Execution times for Python and Odin with default compile settings,
compile settings for speed and aggressive compile settings:
Python: {execpy} s
Odin default: {execodin_default} s
Odin speed: {execodin_speed} s
Odin aggressive: {execodin_aggressive} s
---
"""
execcompare_str = f"""
Compare how much faster Odin is compared to Python for this calculation:
Odin default: {execpy / execodin_default} times faster
Odin speed: {execpy / execodin_speed} times faster
Odin aggressive: {execpy / execodin_aggressive} times faster
"""
print(
f"--- Python and Odin code to check prime numbers in the range {start}-{end} ---"
)
print(exectimes_str)
print(execcompare_str)
@timer
def odin_default() -> np.ndarray:
odinarr = np.zeros(shape=len(RANGE), dtype=bool)

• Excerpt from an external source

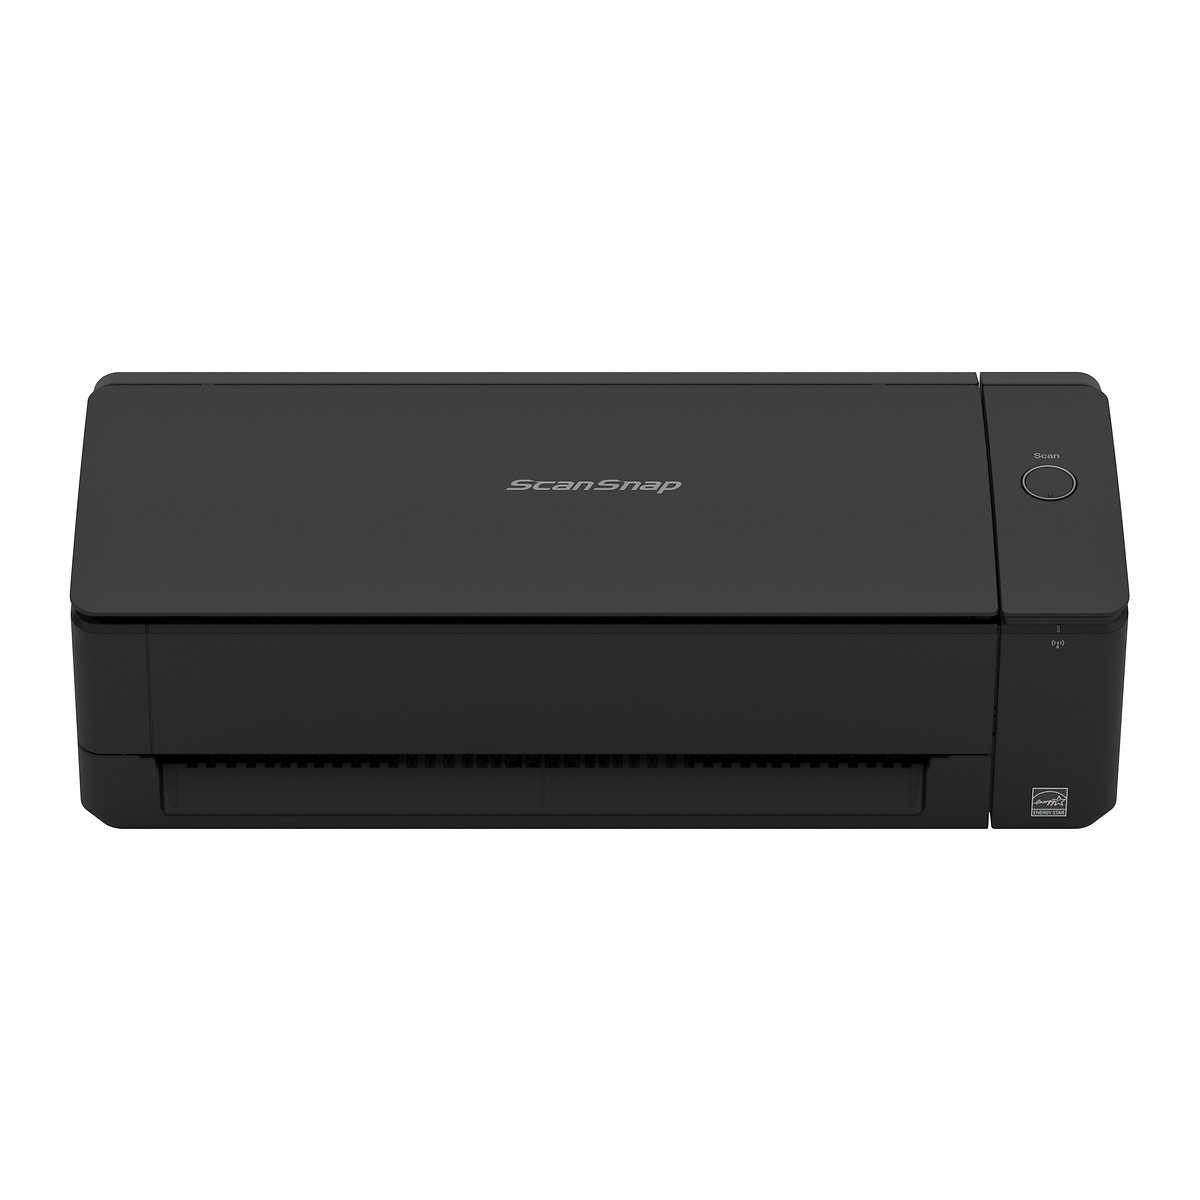 Fujitsu ScanSnap IX1300 Scanner | Costco
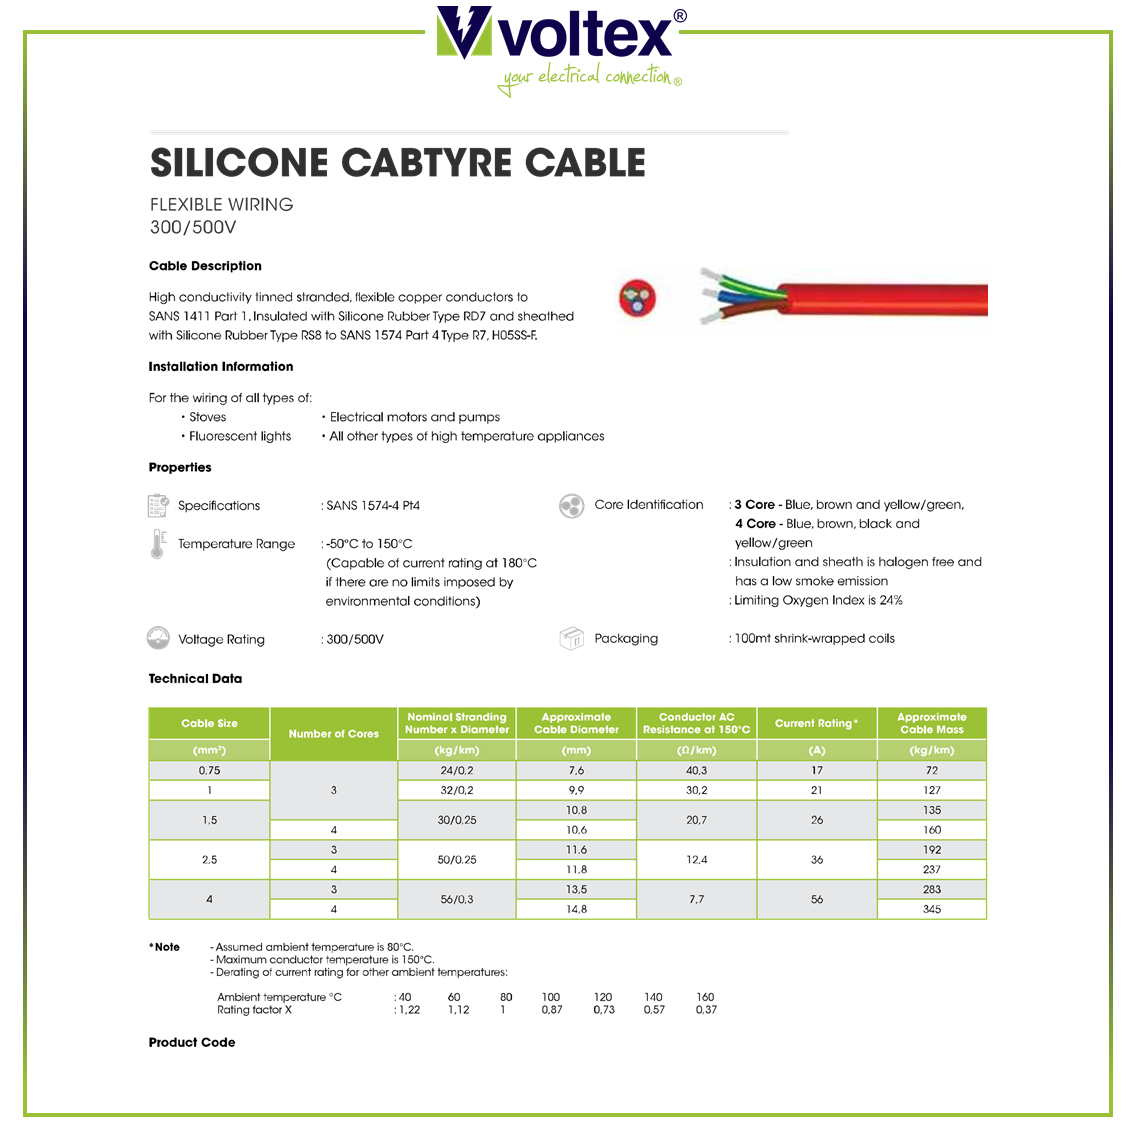 VOLTEX - Silicone Cabtyre Cable Catalogue

for i, num in enumerate(RANGE):
boolean = lib_default.isprime(num)
odinarr[i] = boolean
return odinarr
@timer
def odin_speed() -> np.ndarray:
odinarr = np.zeros(shape=len(RANGE), dtype=bool)
for i, num in enumerate(RANGE):
boolean = lib_speed.isprime(num)
odinarr[i] = boolean
return odinarr
@timer
def odin_aggressive() -> np.ndarray:
odinarr = np.zeros(shape=len(RANGE), dtype=bool)
for i, num in enumerate(RANGE):
boolean = lib_aggressive.isprime(num)
odinarr[i] = boolean
return odinarr
@timer
def run_python() -> np.ndarray:
pythonarr = np.zeros(shape=len(RANGE), dtype=bool)
for i, num in enumerate(RANGE):
boolean = isprime(num)
pythonarr[i] = boolean
return pythonarr
pythonarr, pythonexec = run_python()
odinarr_default, odinexec_default = odin_default()
odinarr_speed, odinexec_speed = odin_speed()
odinarr_aggressive, odinexec_aggressive = odin_aggressive()
all_equal = (
np.array_equal(pythonarr, odinarr_default)
and np.array_equal(odinarr_default, odinarr_speed)
and np.array_equal(odinarr_speed, odinarr_aggressive)
)
assert all_equal
print_results(
START,
STOP,
pythonexec,
odinexec_default,
odinexec_speed,
odinexec_aggressive,
)
When running this I was not really surprised with the results, but I was very pleased that it was so easy to do this in reality. I have always seen this as this super complicated thing to do. As it turns out it were actually much simpler than I expected. Below is the result for the code above
--- Python and Odin code to check prime numbers in the range 1-100000 ---
Execution times for Python and Odin with default compile settings,
compile settings for speed and aggressive compile settings:
Python: 26.75099492073059 s
Odin default: 4.245600938796997 s
Odin speed: 1.3749580383300781 s
Odin aggressive: 1.3741164207458496 s
---
Compare how much faster Odin is compared to Python for this calculation:
Odin default: 6.300873611618939 times faster
Odin speed: 19.455862779070962 times faster
Odin aggressive: 19.467779088332673 times faster
Seeing that Odin is 19 times faster with a speedy compile setting for this simple problem where only one function acted as a bottleneck makes me curious when you combine several foreign function interfaces together where several bottlenecks are present. Very interesting stuff!